Task brief >> Please give back exactly the line with "Vintage Motorcycle Distressed" and each line after it through the end of the material, leaving out the pictures.

Recorded information >>
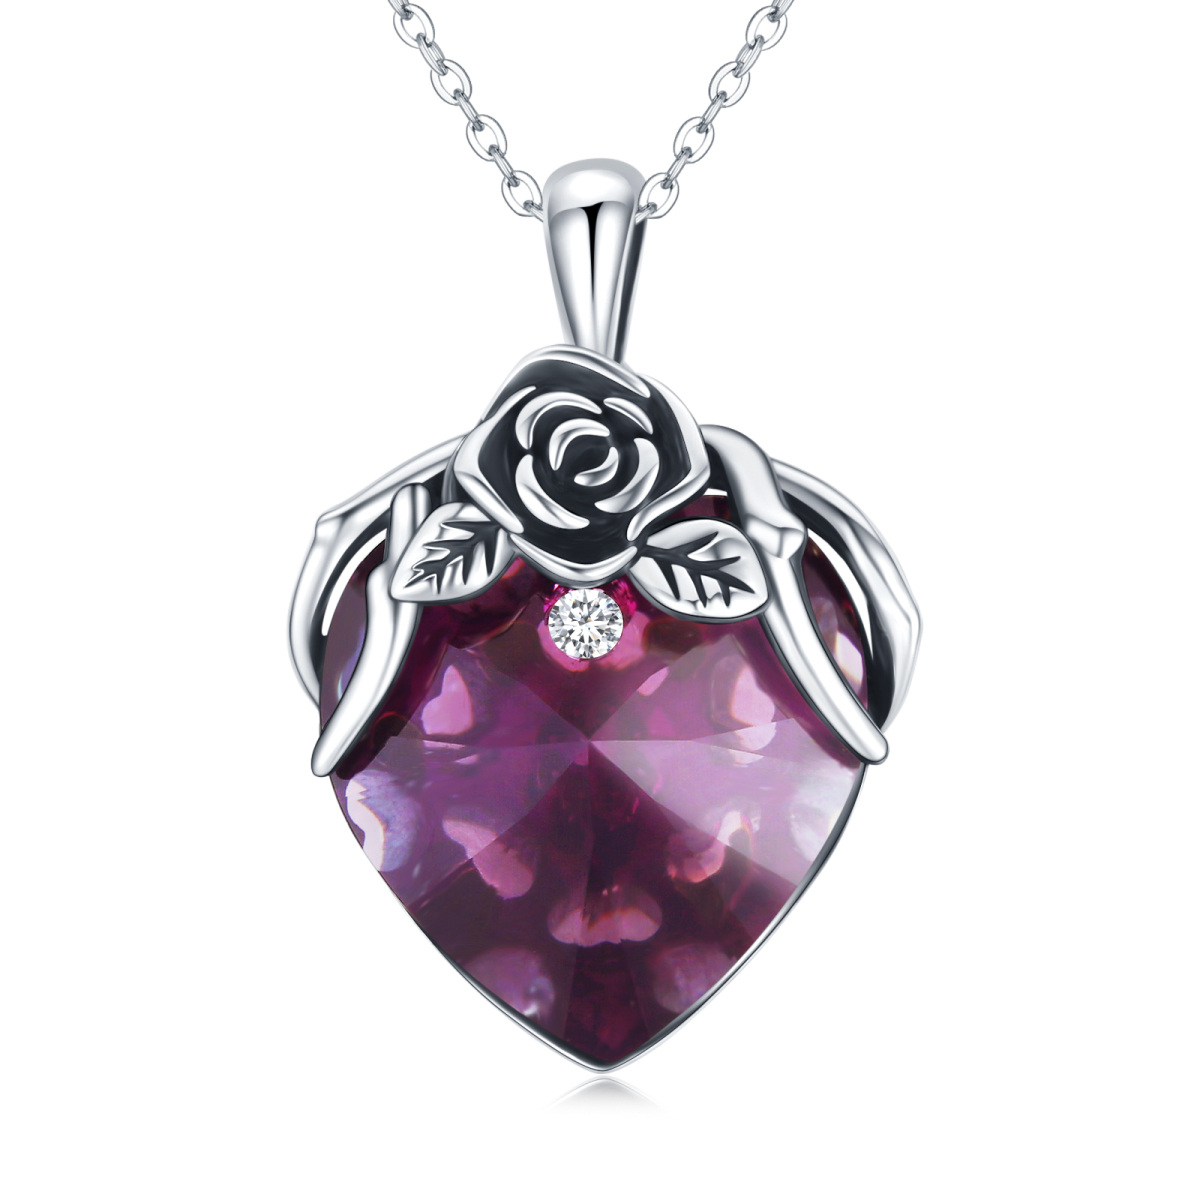 Sterling Silver Heart Shaped Rose & Heart Crystal Pendant Necklace-1
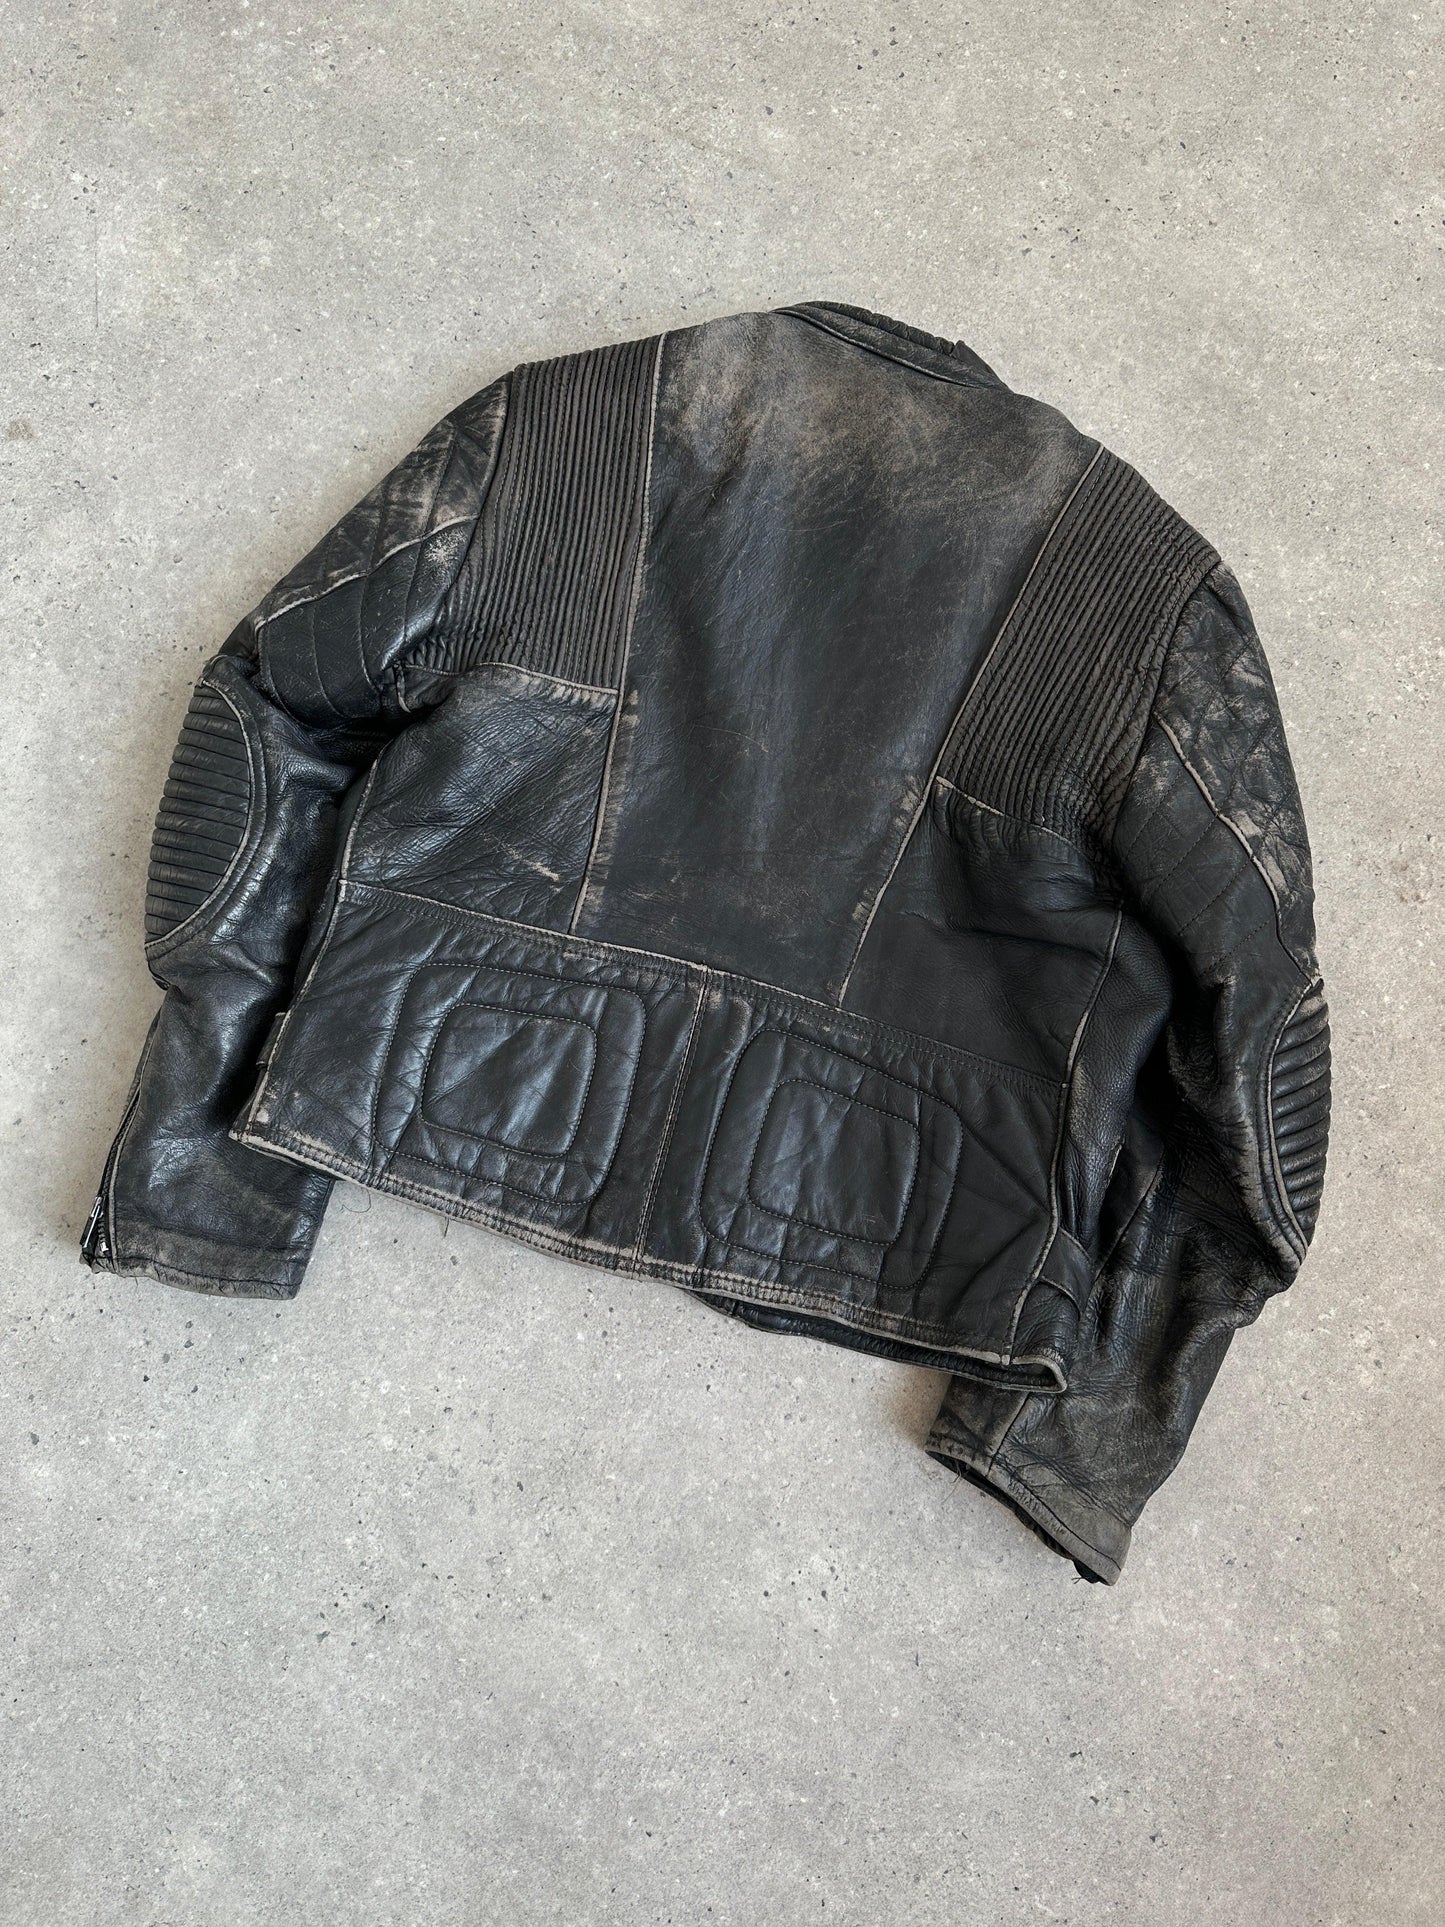 Vintage Motorcycle Distressed Leather Jacket - M/L - Known Source
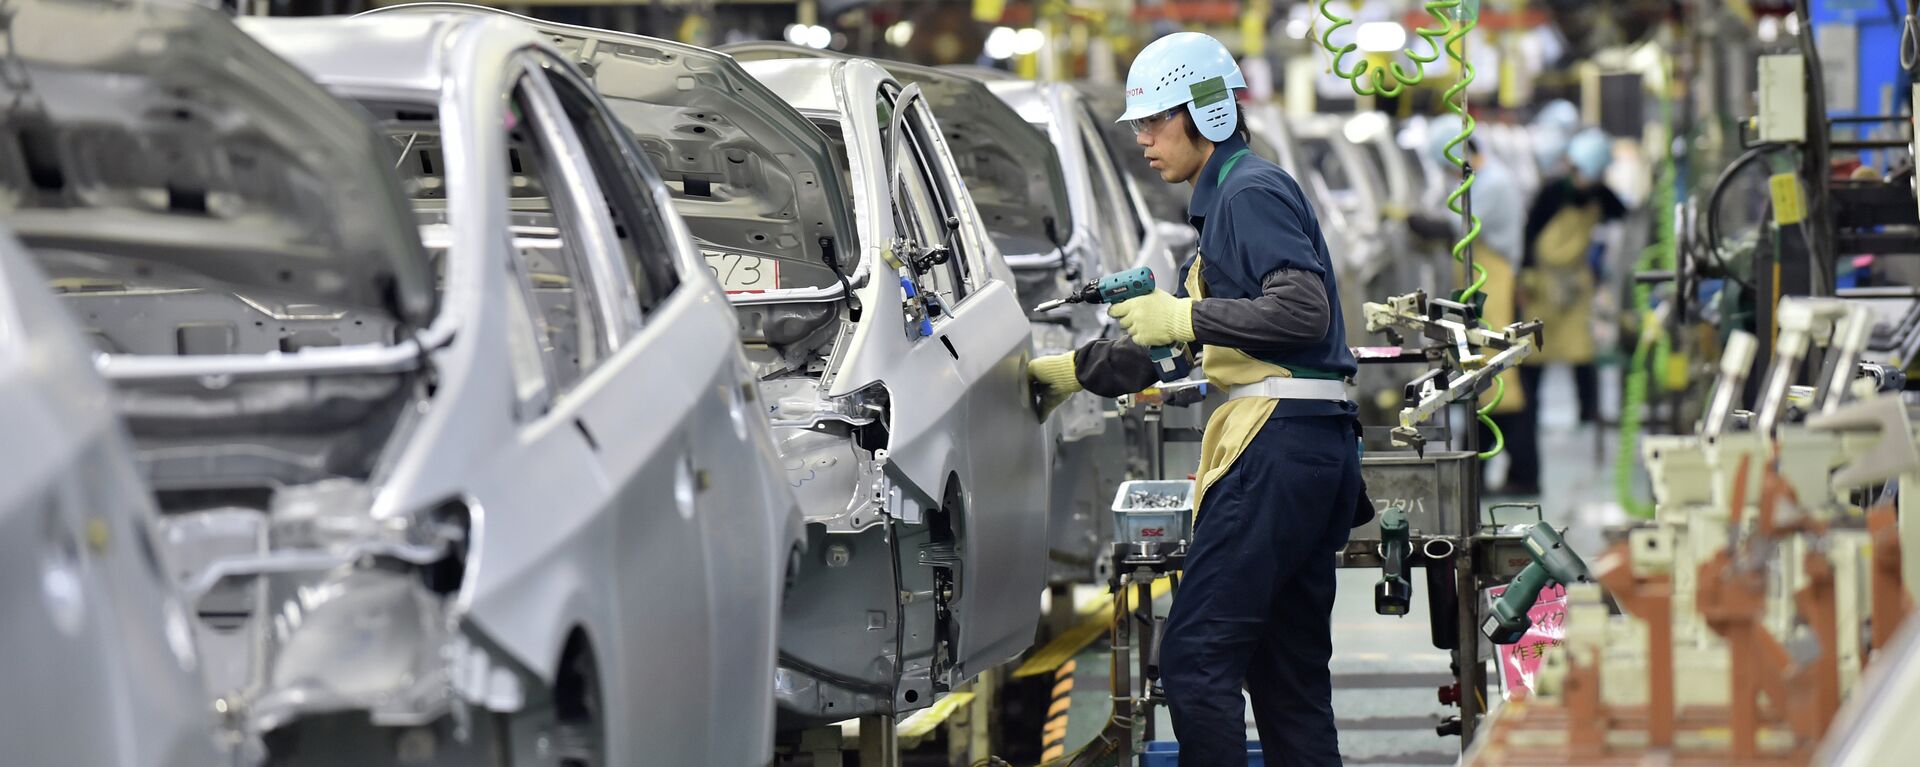 People work on the production line of the Toyota Motor Prius at the company's Tsutsumi plant in Toyota, Aichi prefecture on December 4, 2014 - Sputnik Việt Nam, 1920, 17.11.2018

The answer >>
 Vintage Motorcycle Distressed Leather Jacket - M/L - Known Source
 People work on the production line of the Toyota Motor Prius at the company's Tsutsumi plant in Toyota, Aichi prefecture on December 4, 2014 - Sputnik Việt Nam, 1920, 17.11.2018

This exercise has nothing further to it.